Anecdote: About 20 years ago, when building the Linux kernel and gcc + libc still took overnight on a typical machine (which at the time was a Pentium with one IDE disk), a colleague performed a Linux compile on a Cray. It went so fast, he initially thought that he had turned a "pretend only" mode. No, within O(minutes), the machine had recompiled everything. And then Sequent and Convex mini-supercomputers showed up in significant numbers, and builds were never the same.

As to the picture of Greta: Today there are literally tens or hundreds of millions of computers involved in distributing images, facts and videos of and about Greta. The CO2 footprint of millions of people watching a video of her giving a speech in Davos is very large, and completely dwarves the footprint of crossing the ocean on a sailboat. We can now argue whether that's a good or a bad thing, but I'd rather not argue that, since it will get emotional.


----------



## ucomp (Jan 23, 2020)

ralphbsz said:


> Honestly,....





ralphbsz said:


> ... The CO2 footprint...


O.K, back to honesty ..: Honestly, the footprint on my electricity bill was the reason I stop using self financed  clusters. 

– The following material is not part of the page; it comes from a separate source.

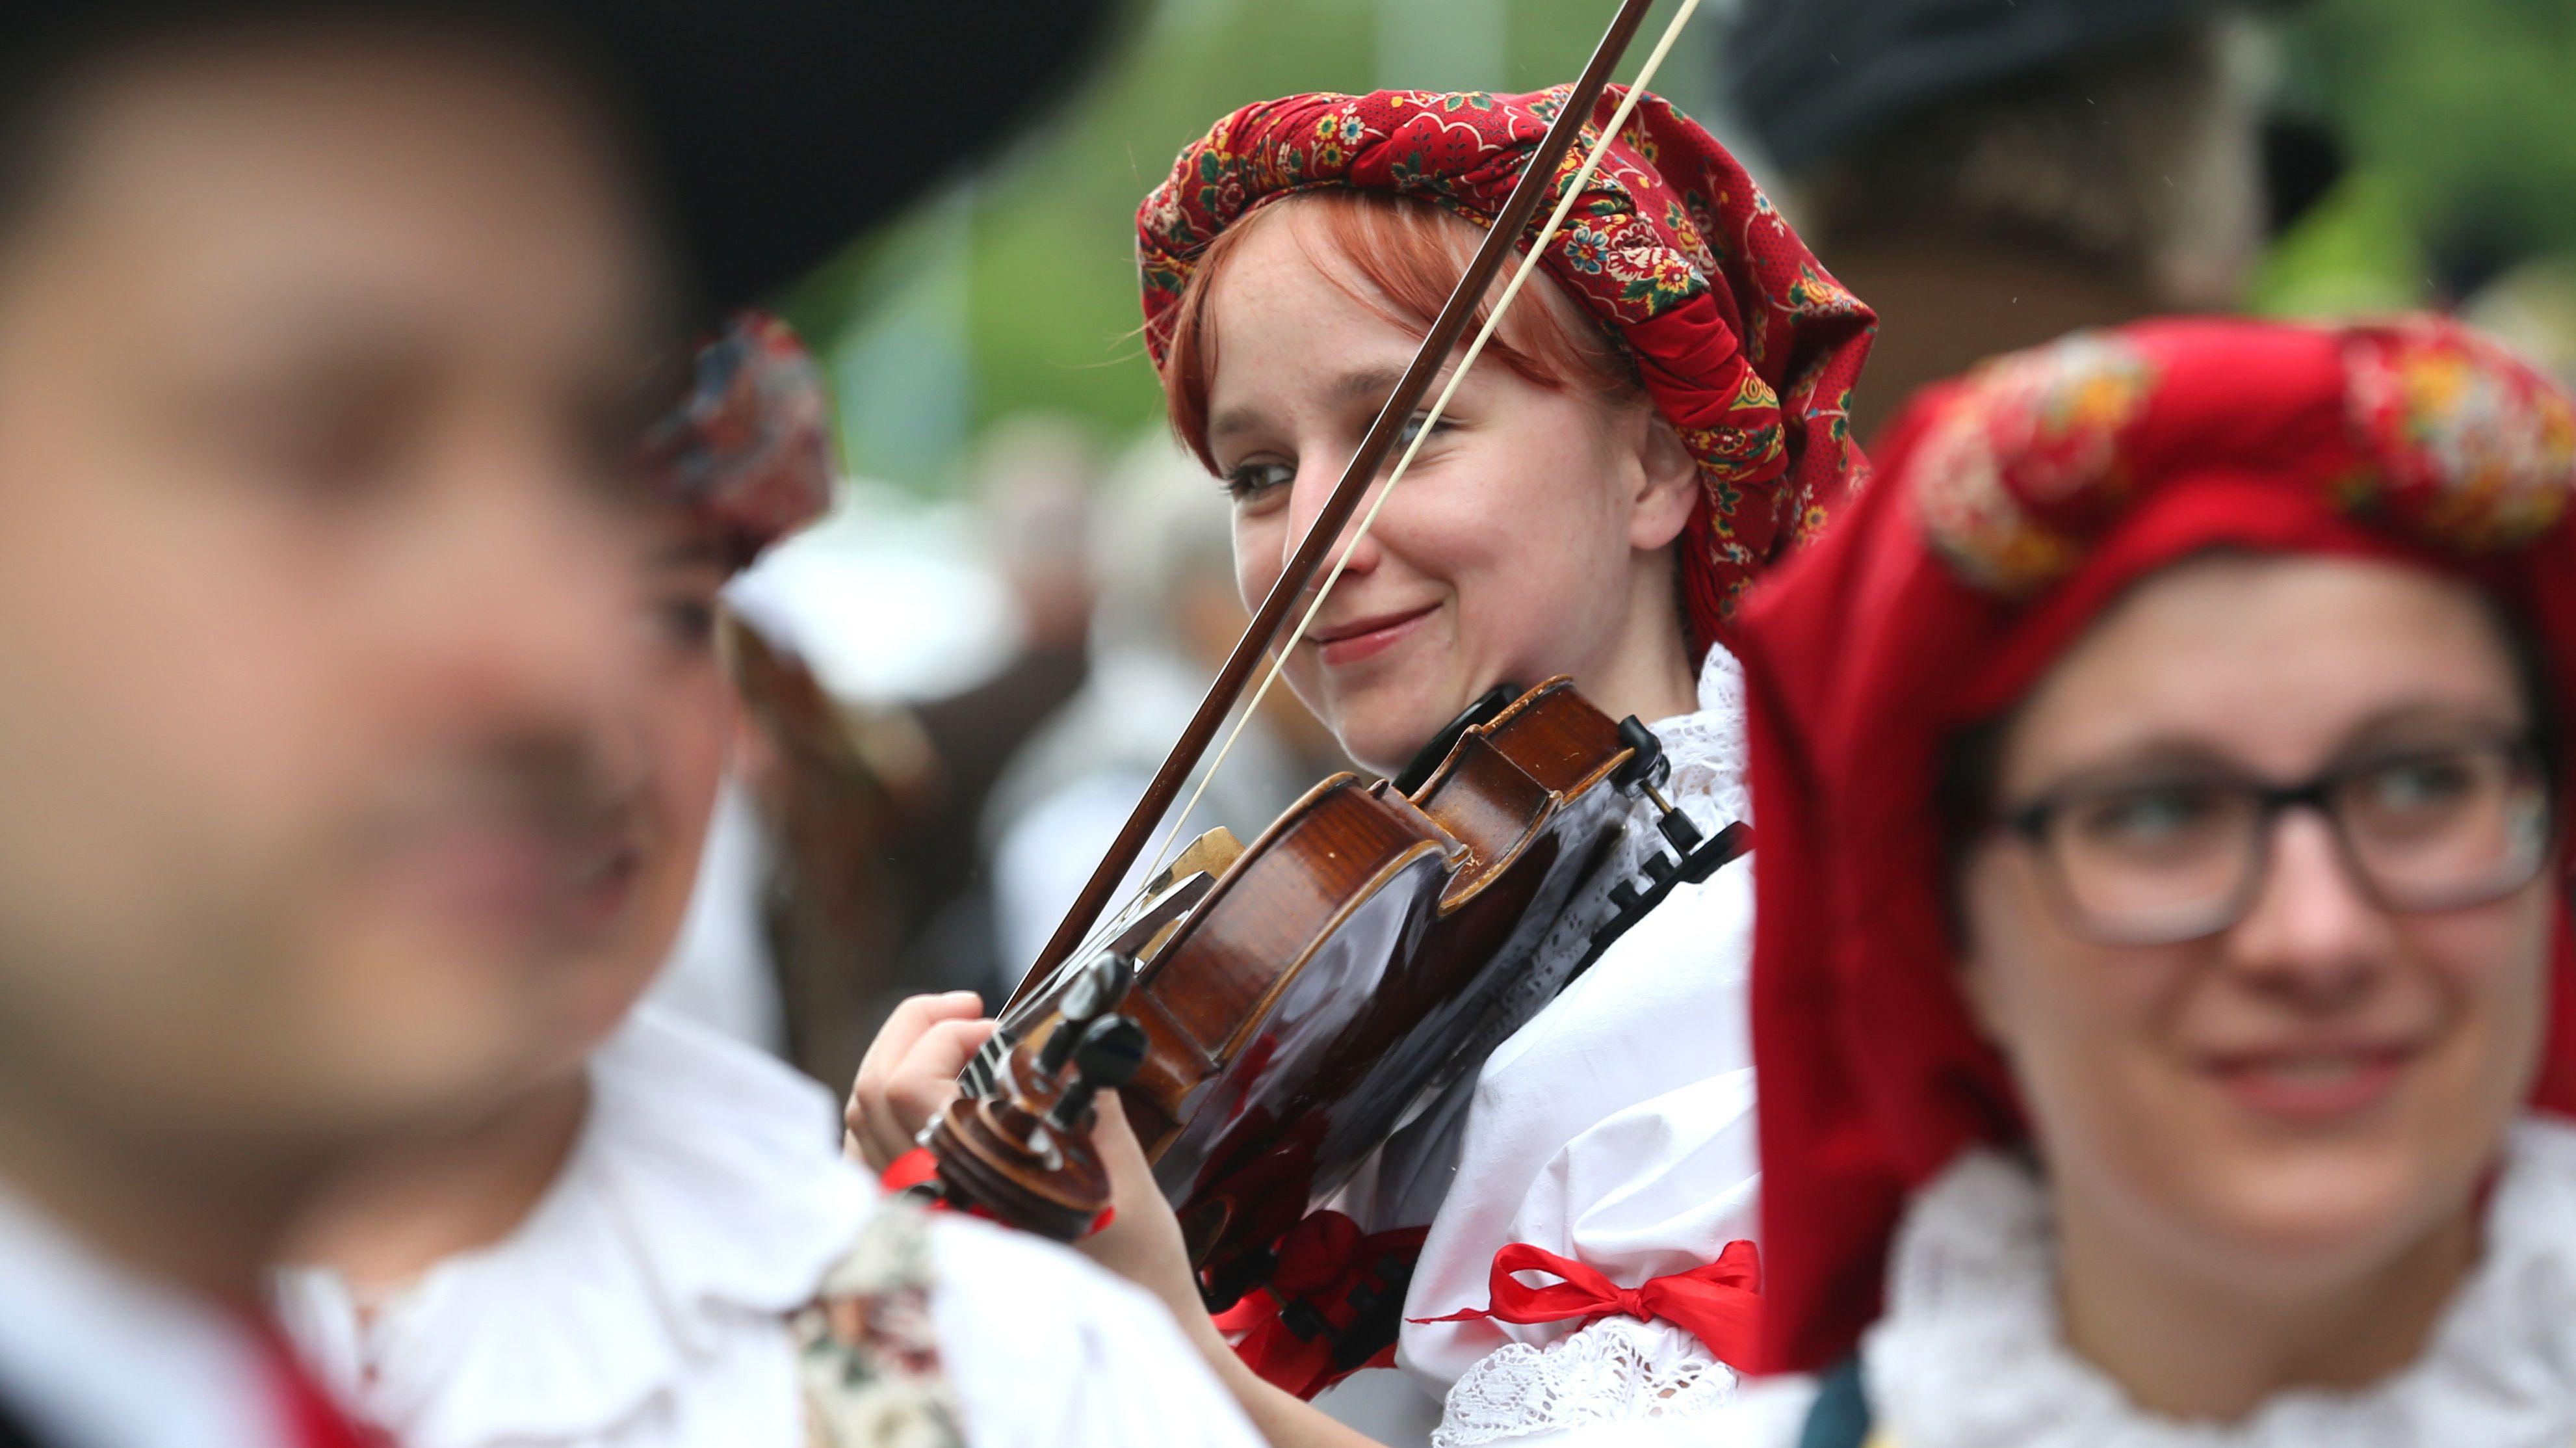 Archivbild: Besucher in Iglauer Tracht musizieren 2017 beim 68. Sudetendeutschen Tag in Augsburg.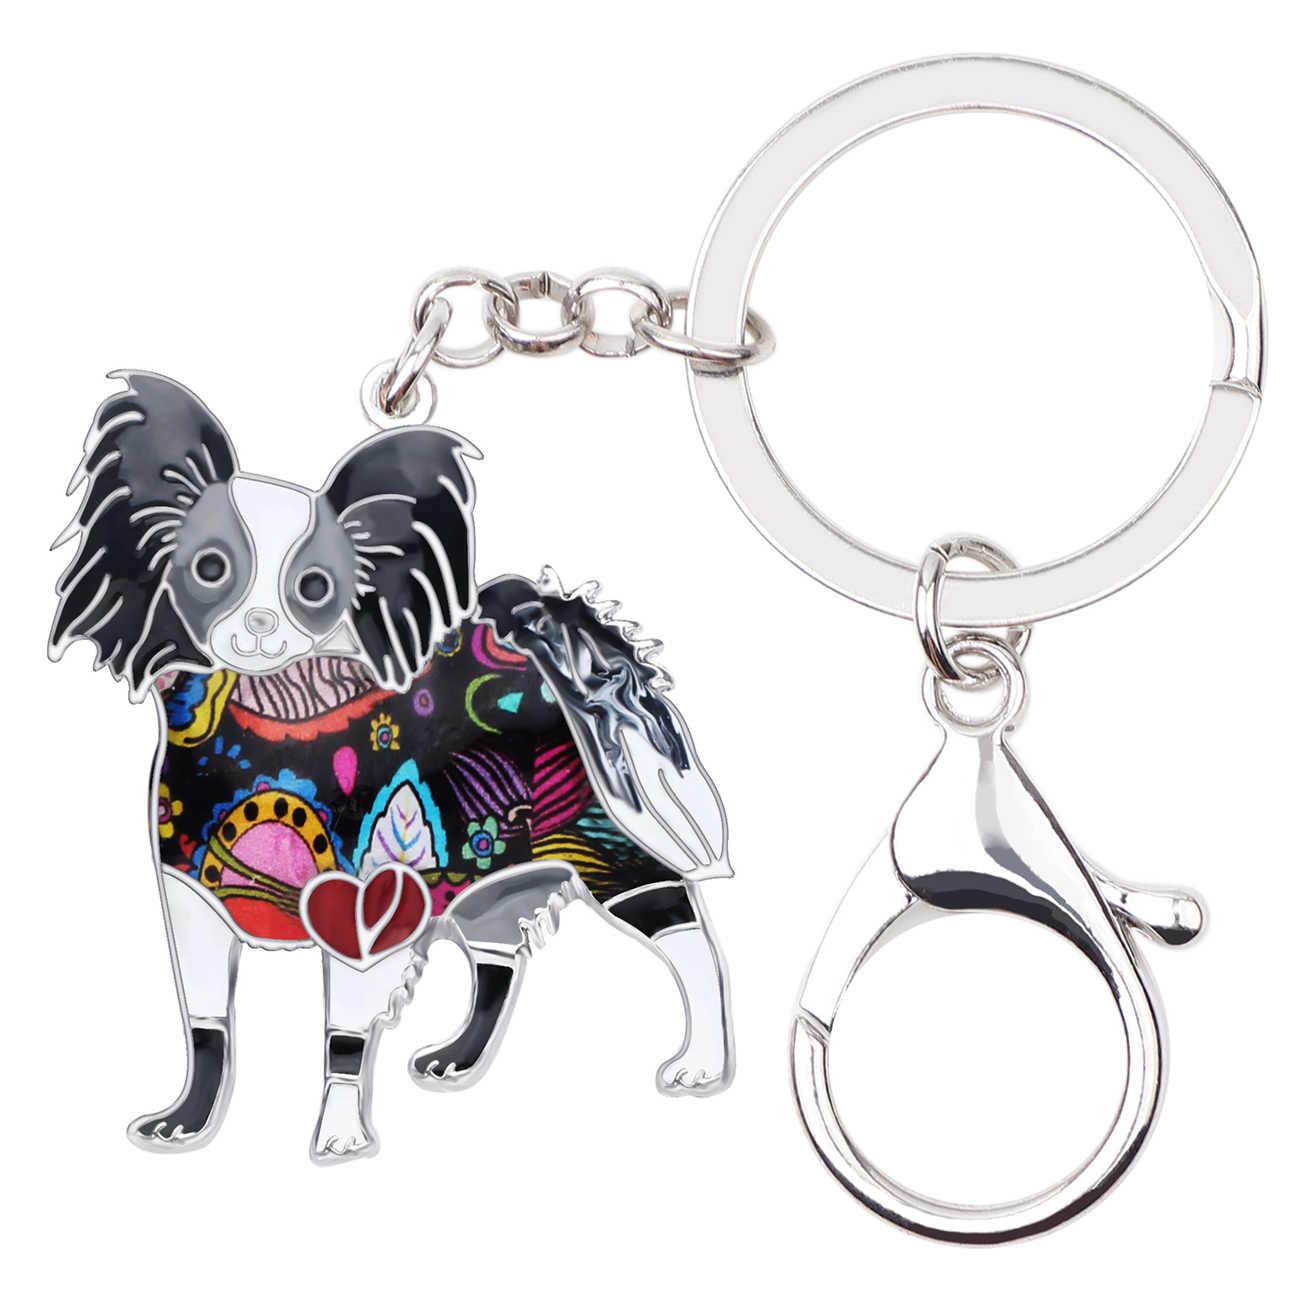 Bonsny Men Hợp Kim Papillon Dog Móc Khóa Móc Chìa Khóa Nhẫn Chủ Mới Lạ Động Vật Trang Sức Cho Phụ Nữ Cô Gái Túi Xe Quyến Rũ Quà Tặng mới

now running world build  with the -j4 flag  e.g on a single RPI4 : started compile yesterday  ...
still compiling that slug ....
the first little step, FreeBSD could do for saving the world could be to make the GENERIC-NODEBUG the default 
for current-images to save compile time  

P.S: I can imagine what happened on a Cray at that time, even today a -j16 is a liberation
 for today I thought about e.g. a thunderX but that would be the same step back to inacceptable electricity bills and CO2-footprints
We are hanging here(for the first) .., Kernel Panic


----------



## CraigHB (Jan 23, 2020)

Based on the size of CPU cooler going into my new desktop system I don't think it's going to be too carbon footprint friendly.  My laptop computer is a real power miser in comparison.


----------